0
votes

While loading ORC Files to an existing BQ Table using "bq Load" command, im observing that once the data is loaded, the table schema(the column names of the table) also changes.

The Requirement is to Load ORC Files from GCS to a Staging table in BigQuery. This step im trying to achive using "bq load" command, but it alters the existing schema of the table.

Sample Code :

bq load --replace --source_format=ORC some_dateset.some_table_staging gs://some_bucket/some_table/*

I expect to retain the actual column names in the BigQuery Table even after i load the ORC Files into the table. But as of now the column names of the Table gets changed based on the ORC File schema

1

1 Answers

-1
votes

I did test bq load command that you provided on my data with AVRO and ORC files.

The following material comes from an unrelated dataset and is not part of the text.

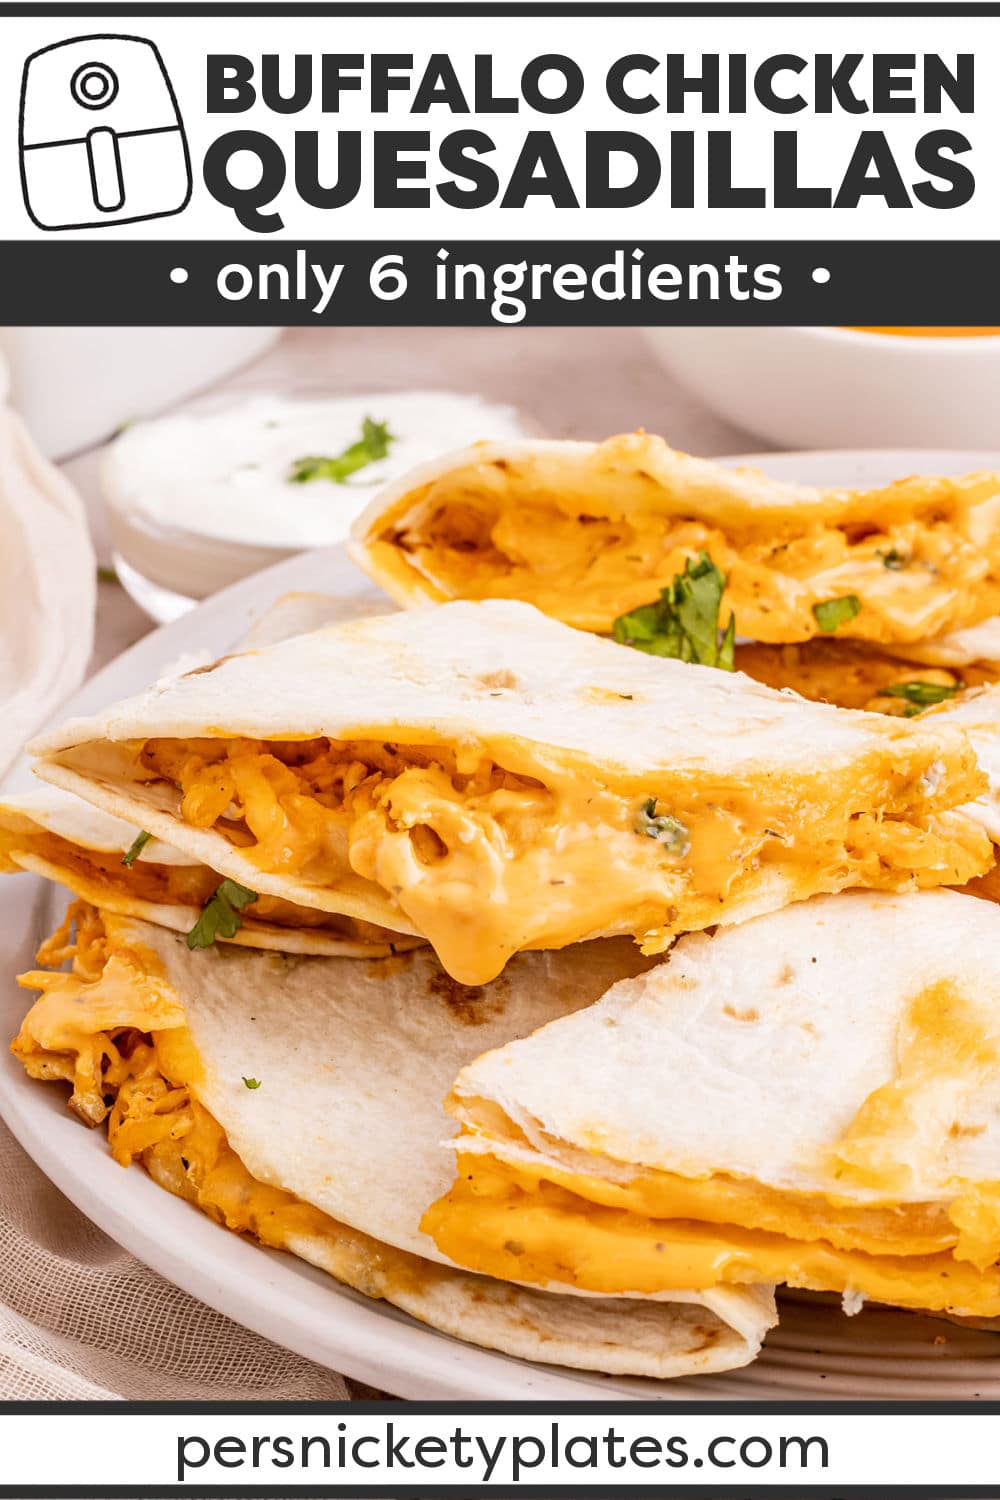 Air fryer Buffalo chicken quesadillas are made with shredded chicken smothered in tangy, spicy, buffalo sauce and cool creamy ranch dressing stuffed in a tortilla shell along with cheddar and blue cheese. They’re folded and air fried until crispy golden brown on the outside and melty, saucy, and delicious on the inside! | www.persnicketyplates.com

  1. --replace or replace=true
    flag is expected to erase all data, and is doing so.
    So what literally is happening, all table and schema is being erased and replaced with new one from your file.

  2. If you want to append data to the table you need to use
    --noreplace or --replace=false
    This flag works fine only when your ORC file schema is that same that already present in the table.

  3. If your data schema differs from that defined in the table, you need to use schema_update_option:
    --schema_update_option=ALLOW_FIELD_ADDITION

so finally in your user case you just need to use:

bq load --schema_update_option=ALLOW_FIELD_ADDITION --source_format=ORC <project_id>:<schema>.<table> gs://<bucket_name>/<file_name>